Make sure that you're focusing on your own finances first. For example, it's usually a good idea to pay off your debt and create an emergency fund. Once you take care of yourself, you'll be better able to support others.
Being isolated from support
It's difficult to be isolated from family and friends, both emotionally and financially. And when you feel lonely, you may spend more money or make careless financial decisions.
Make sure that your support network is robust in retirement. You'll probably find that your mental, physical, and financial health improves when it is.
If you don’t or can’t live near friends and family, get involved with your community by volunteering at a school, library, or hospital. You’ll be doing yourself — and someone else — a lot of good.
Not considering inflation
If it seems like items are more expensive than they were when you were a kid, it's because they are. Prices rise over time, as a rule, and sometimes quite suddenly.

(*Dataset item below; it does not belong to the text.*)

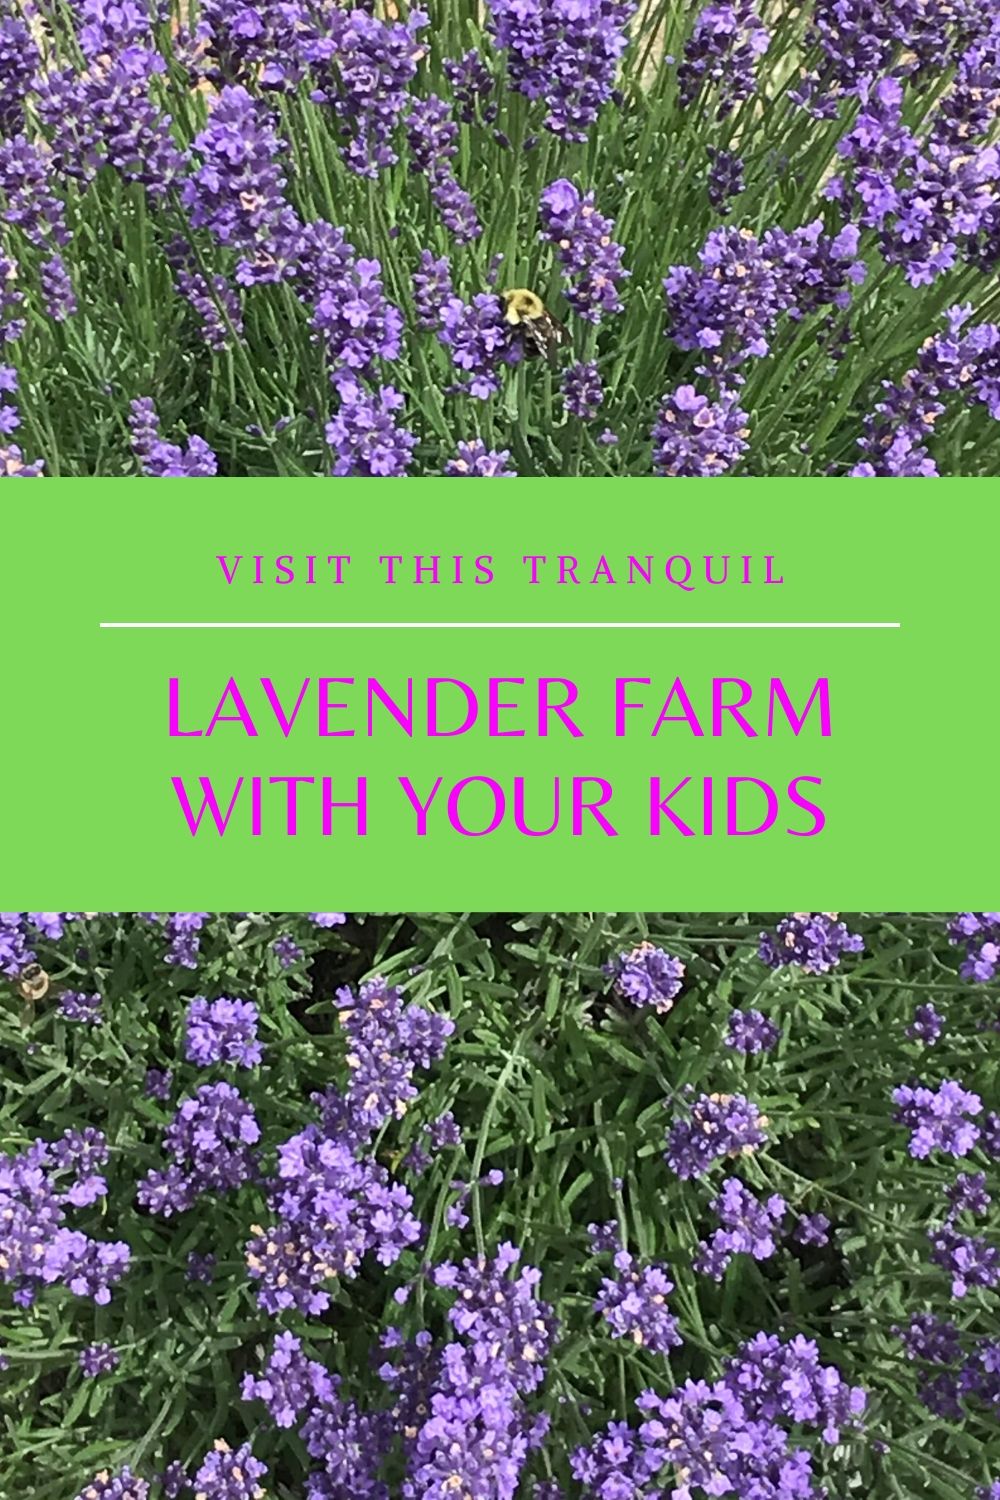 Lavender Pond Farm in CT

It's essential to prepare for inflation in retirement and the rising cost of goods, especially if you look forward to a long retirement.
One way to prepare is to make sure that you're avoiding wasting money so there is room in your budget for everything being a bit more expensive.
Bottom line
You look forward to retirement all your life, and you want to be able to enjoy it.
Whether you're right on pace for a normal retirement or you want to retire early, making the right plan can create a world of difference in your post-retirement life.
There are a lot of potential pitfalls in retirement, too. But if you prepare and watch out for money traps, it can be a time of peace, relaxation, and growth. Preparation is the gift that keeps on giving.